_SUPPLIED DATA_
--- START ---

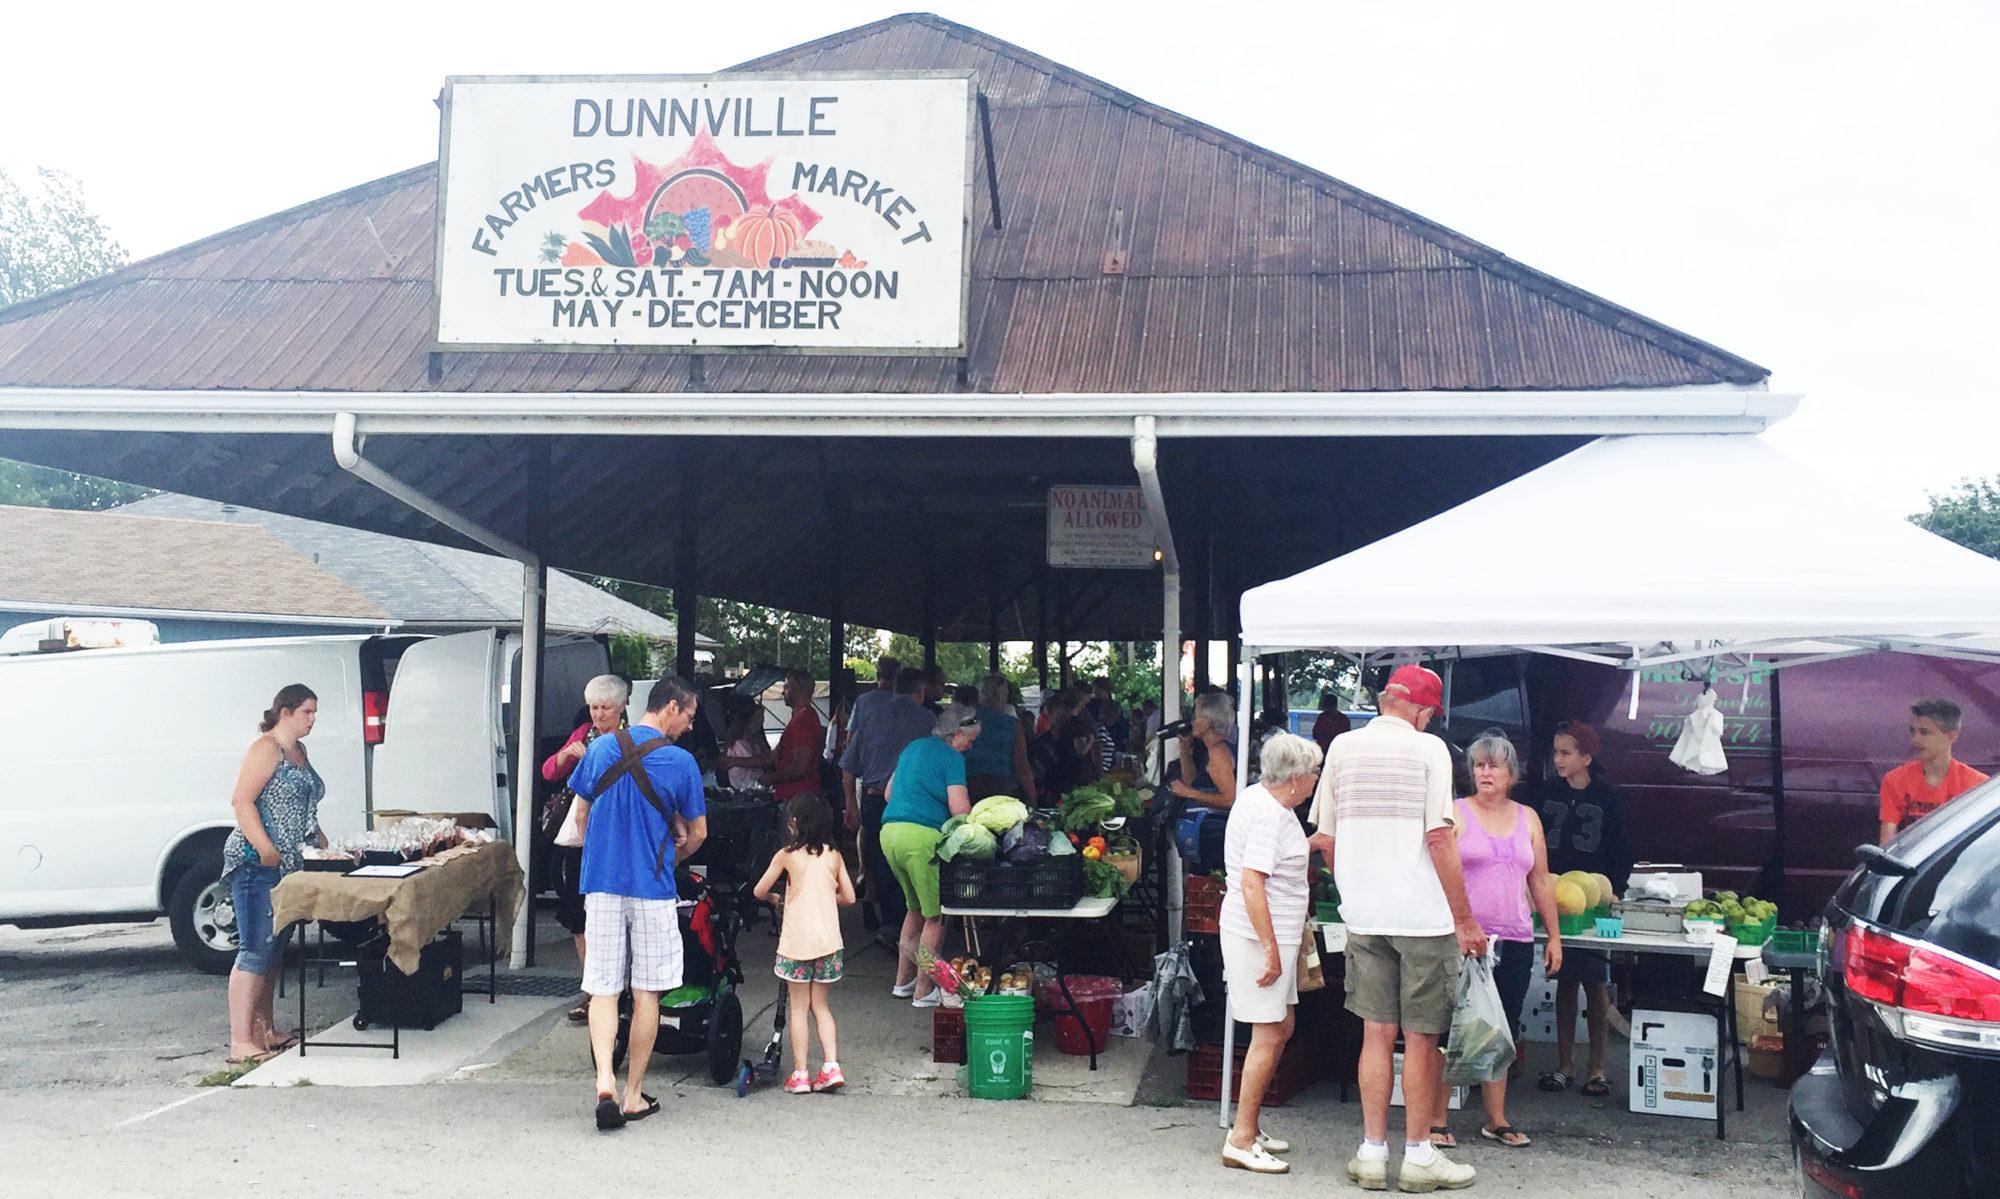 Dunnville Farmers' Market
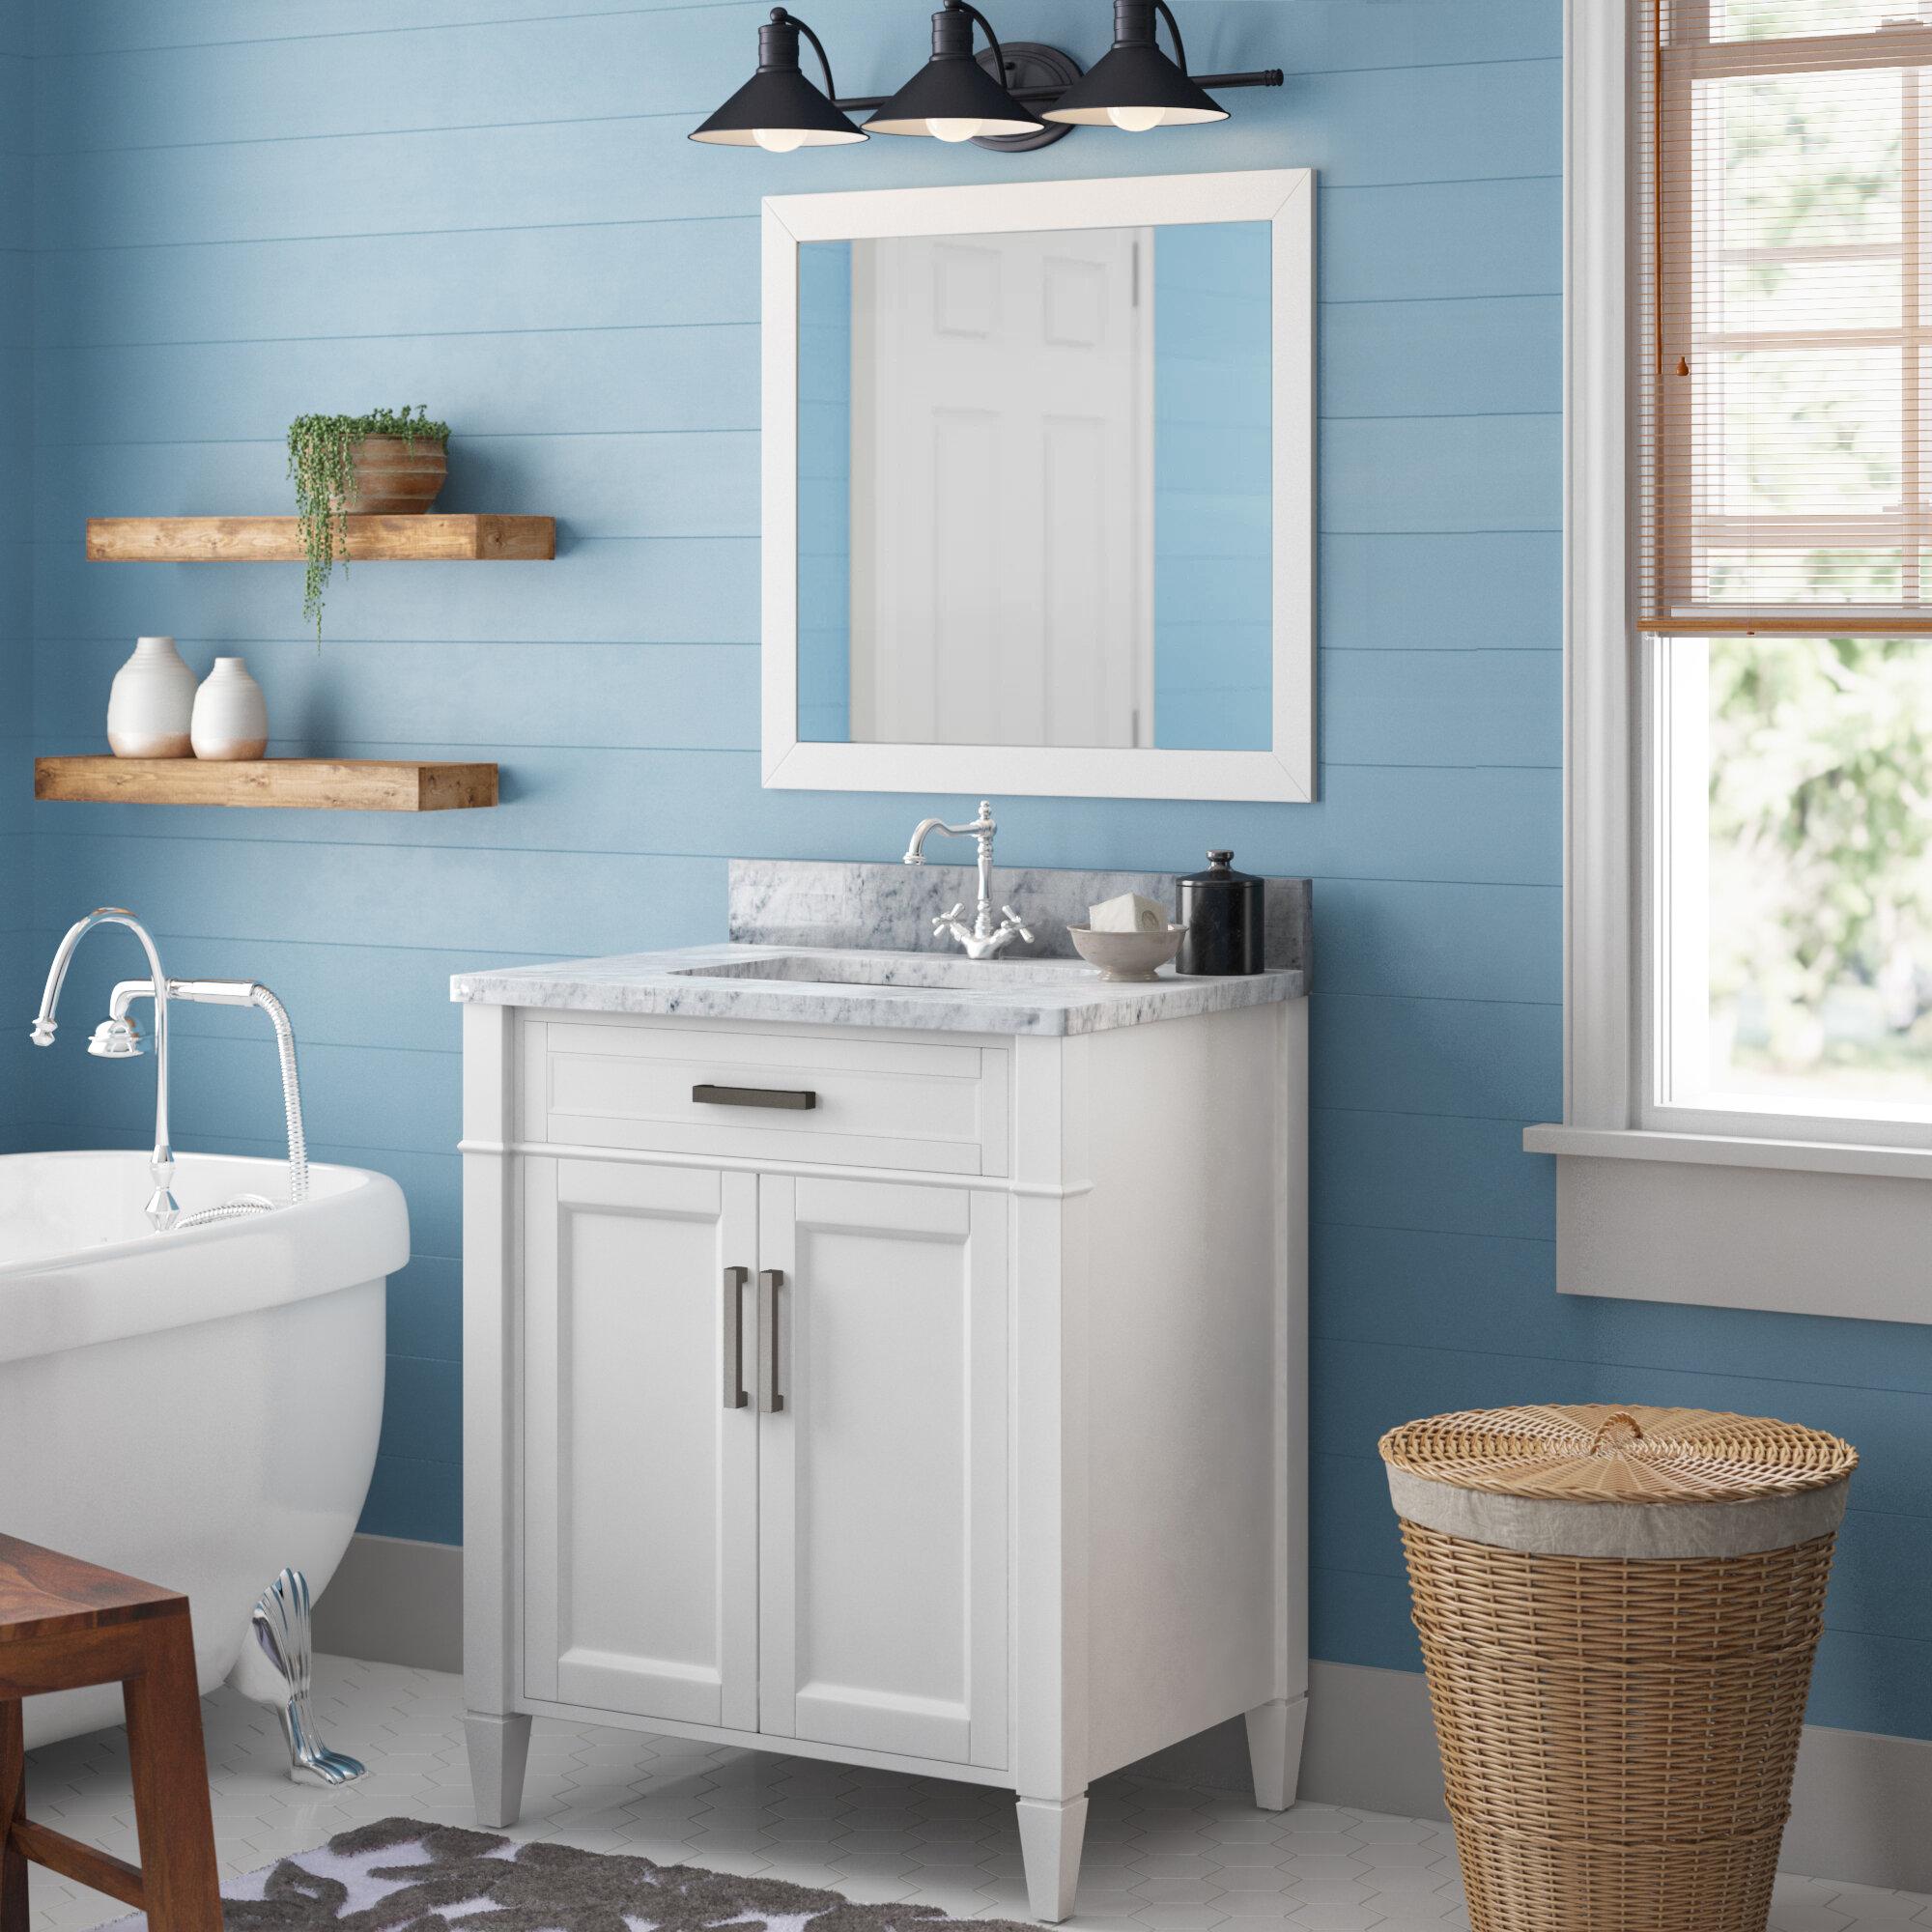 Gracie Oaks Lachine 30 Single Bathroom Vanity Set With Mirror Reviews Wayfair
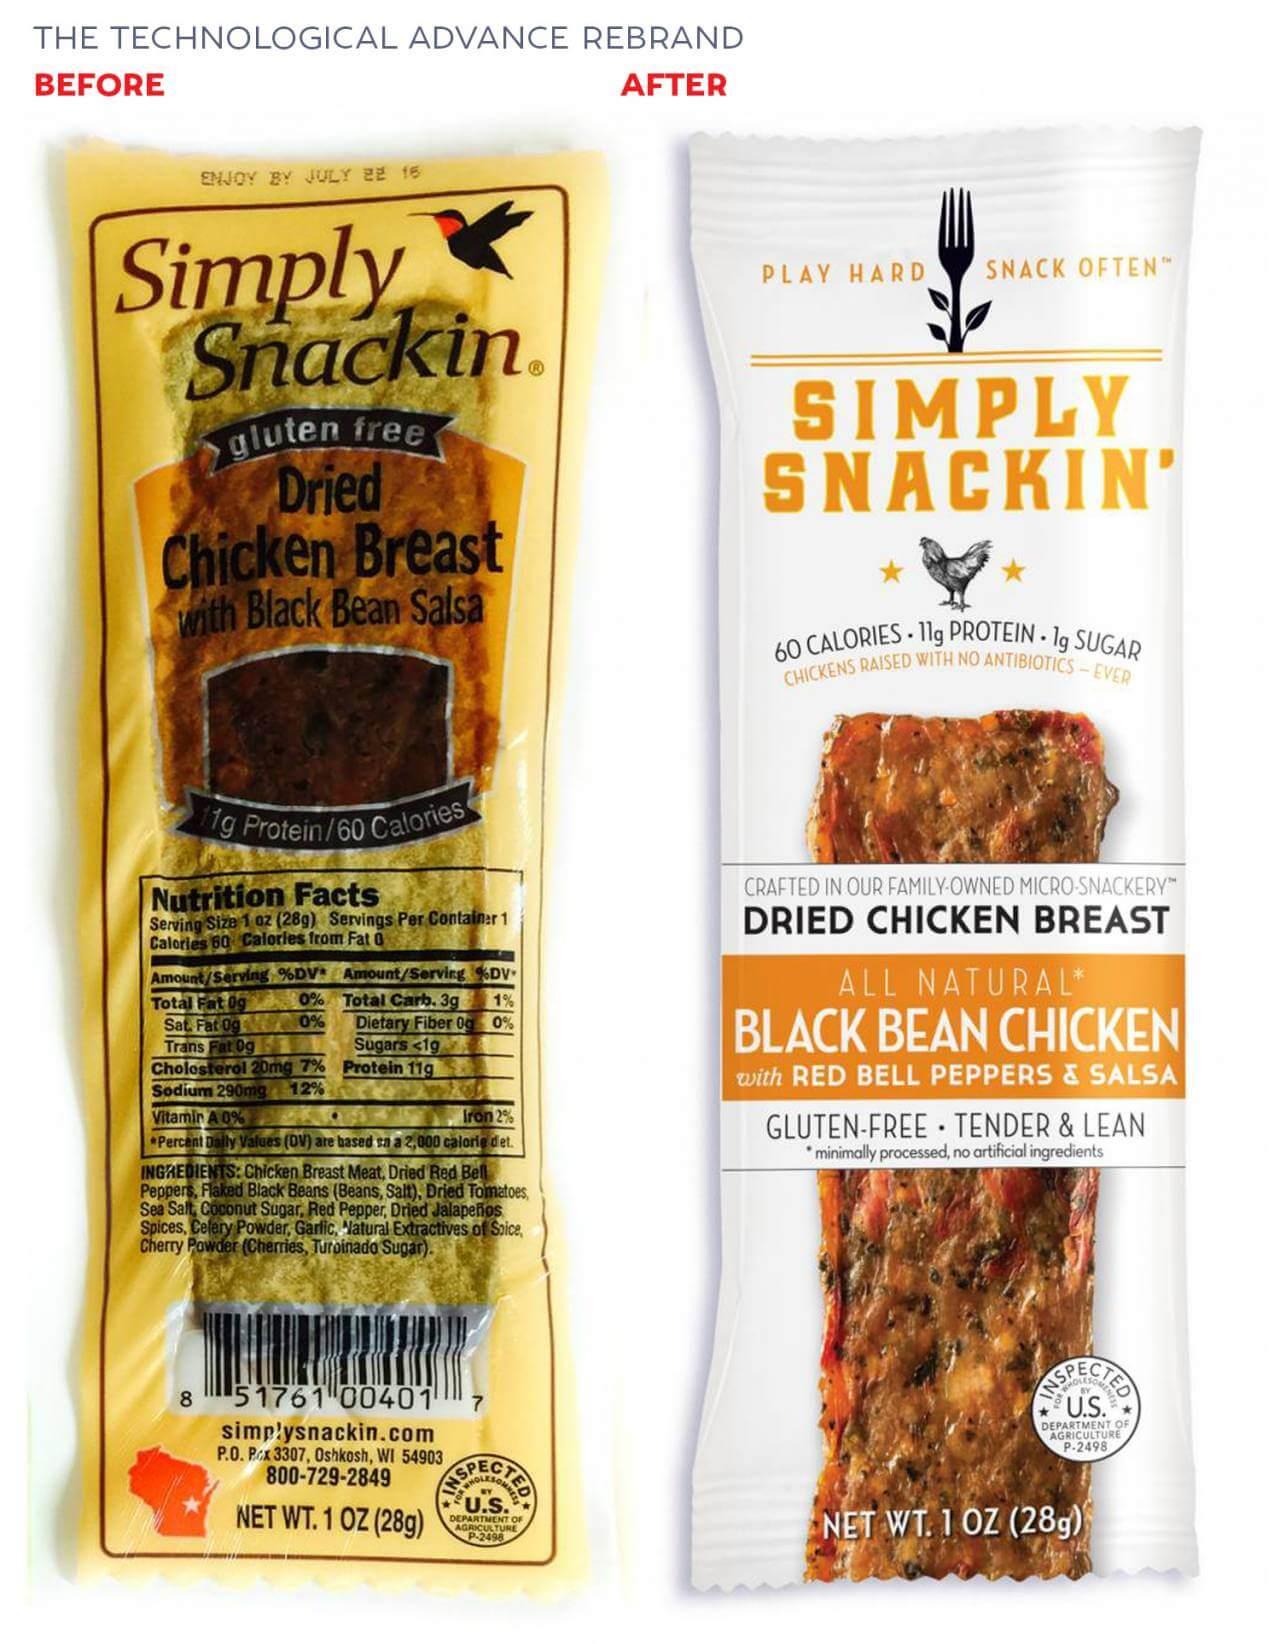 rebranding simply snacking' brand identity
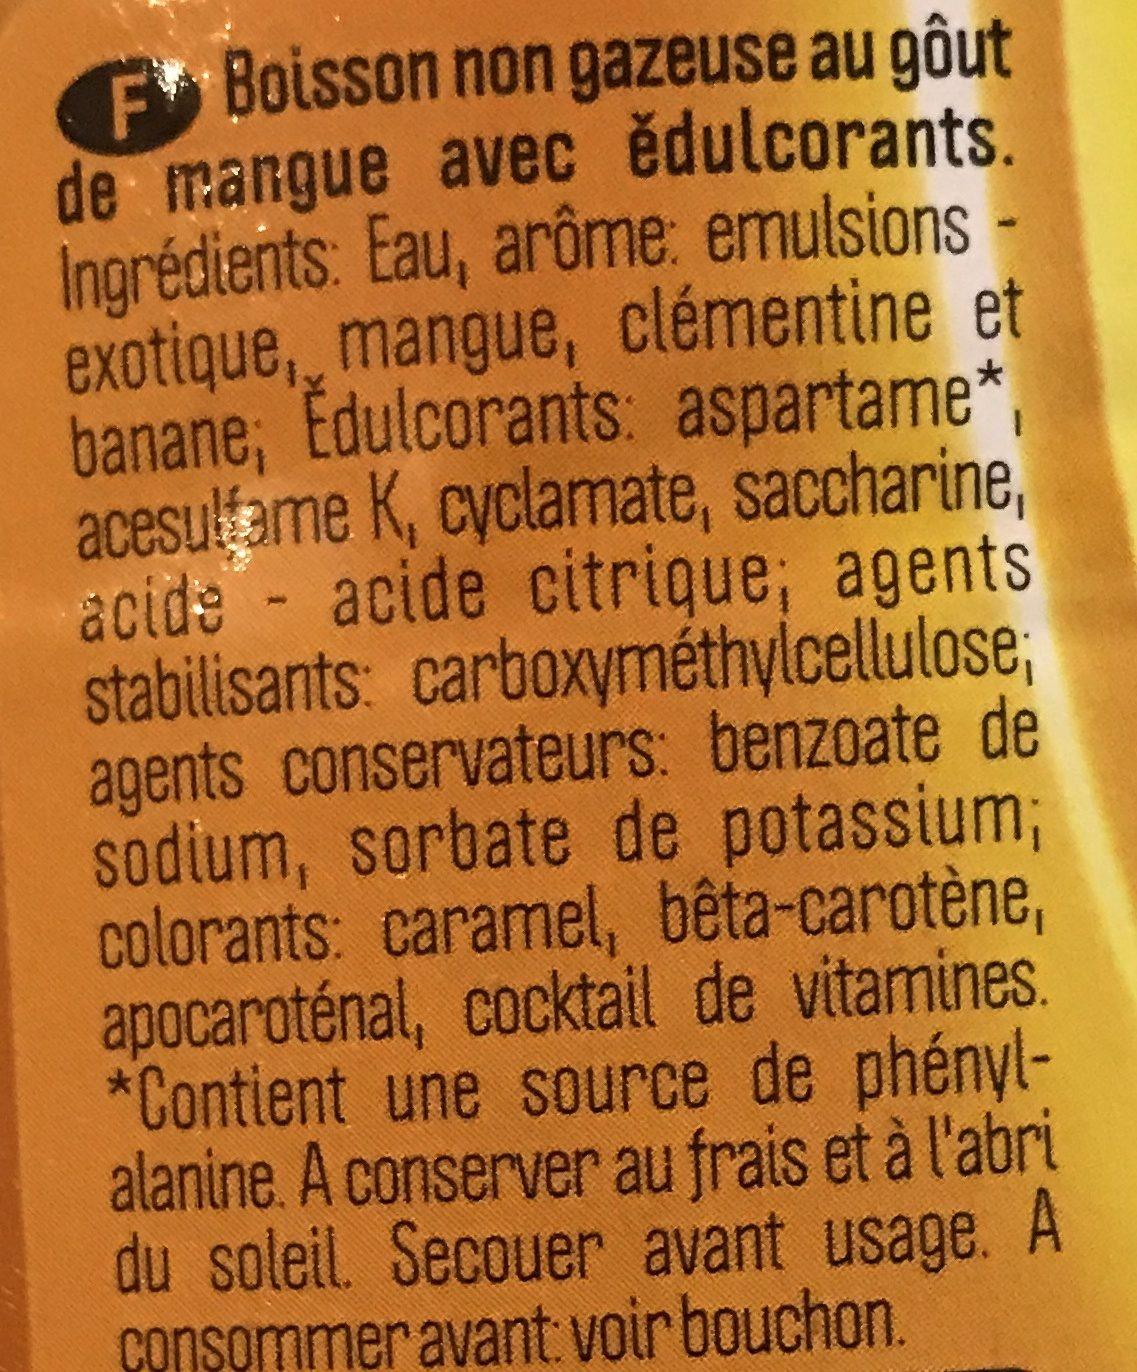 Multivitaminé mangue - Ingredients - fr

--- END ---

_REQUIRED WORK_
Output the lines above in full and exactly. Leave out every picture.

_ANSWER SPACE_
 Dunnville Farmers' Market
 Gracie Oaks Lachine 30 Single Bathroom Vanity Set With Mirror Reviews Wayfair
 rebranding simply snacking' brand identity
 Multivitaminé mangue - Ingredients - fr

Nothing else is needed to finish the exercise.